Open
Description
The below table gives an overview of the result value for:
missing_value in idx
i.e. how Index.__contains__
handles various missing value sentinels as input for the different data types.
dtype | None | nan | <NA> | NaT |
---|---|---|---|---|
object-none | True | False | False | False |
object-nan | False | True | False | False |
object-NA | False | False | True | False |
datetime | True | True | True | True |
period | True | True | True | True |
timedelta | True | True | True | True |
float64 | False | True | False | False |
categorical | True | True | True | True |
interval | True | True | True | False |
nullable_int | False | False | True | False |
nullable_float | False | False | True | False |
string-python | False | False | False | False |
string-pyarrow | False | False | False | False |
str-python | False | False | False | False |
The last three rows with not a single True are specifically problematic, this seems a bug with the StringDtype
But more in general, this is quite inconsistent:
- For object dtype, we require exact match
- For datetimelike and categorical, we match any missing-like
- For interval, we match any missing-like except NaT (also not in case of datetimelike interval dtype)

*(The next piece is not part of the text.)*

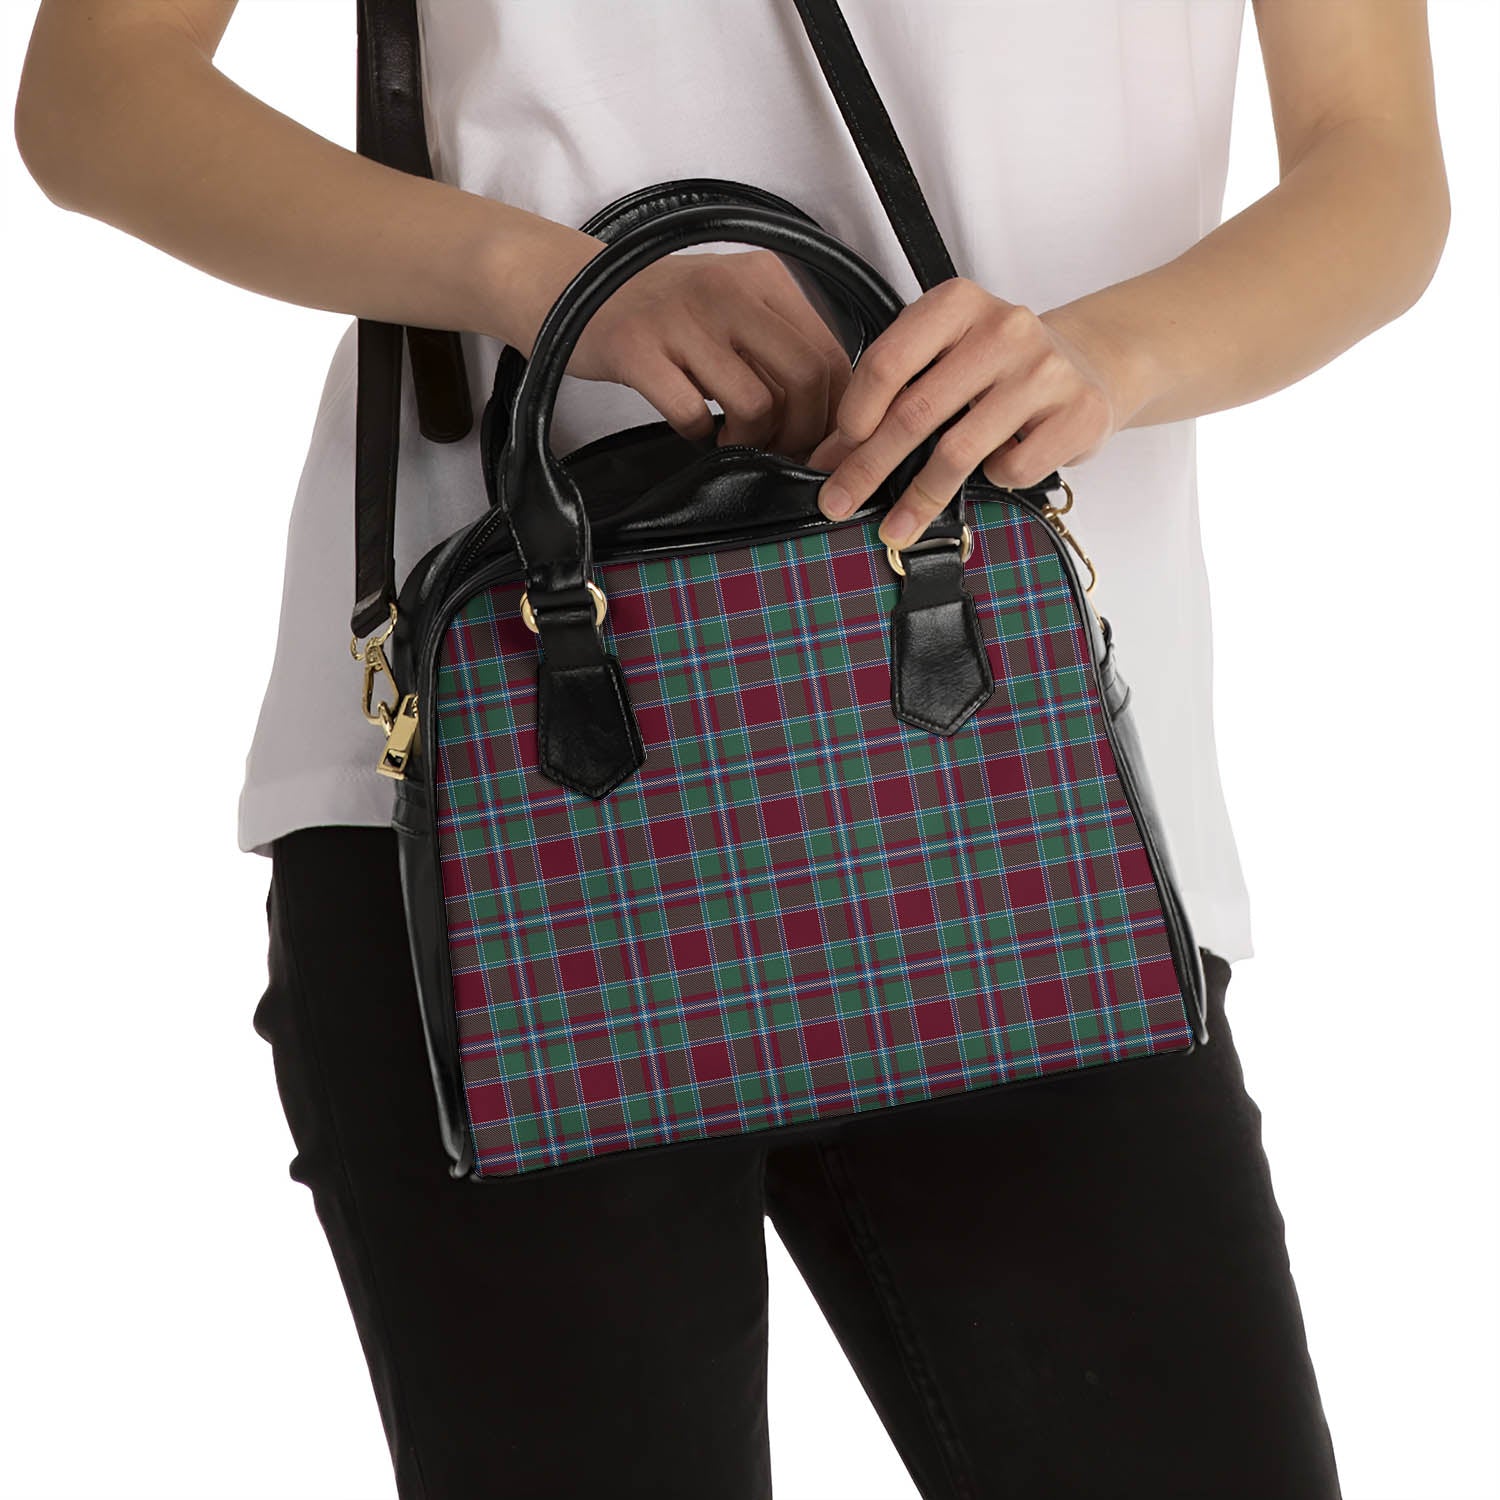 Spens (Spence) Tartan Shoulder Handbags - Tartanvibesclothing

- For float we only match NaN
- For nullable dtypes (int/float), we only match NA
The code to generate the table above:
import numpy as np
import pandas as pd
# from conftest.py
indices_dict = {
"object-none": pd.Index(["a", None], dtype=object),
"object-nan": pd.Index(["a", np.nan], dtype=object),
"object-NA": pd.Index(["a", pd.NA], dtype=object),
"datetime": pd.DatetimeIndex(["2024-01-01", "NaT"]),
"period": pd.PeriodIndex(["2024-01-01", None], freq="D"),
"timedelta": pd.TimedeltaIndex(["1 days", "NaT"]),
"float64": pd.Index([2.0, np.nan], dtype="float64"),
"categorical": pd.CategoricalIndex(["a", None]),
"interval": pd.IntervalIndex.from_tuples([(1, 2), np.nan]),
"nullable_int": pd.Index([2, None], dtype="Int64"),
"nullable_float": pd.Index([2.0, None], dtype="Float32"),
"string-python": pd.Index(["a", None], dtype="string[python]"),
"string-pyarrow": pd.Index(["a", None], dtype="string[pyarrow]"),
"str-python": pd.Index(["a", None], dtype=pd.StringDtype("pyarrow", na_value=np.nan))
}
results = []
for dtype, data in indices_dict.items():
for val in [None, np.nan, pd.NA, pd.NaT]:
res = val in data
results.append((dtype, str(val), res))
df = pd.DataFrame(results, columns=["dtype", "val", "result"])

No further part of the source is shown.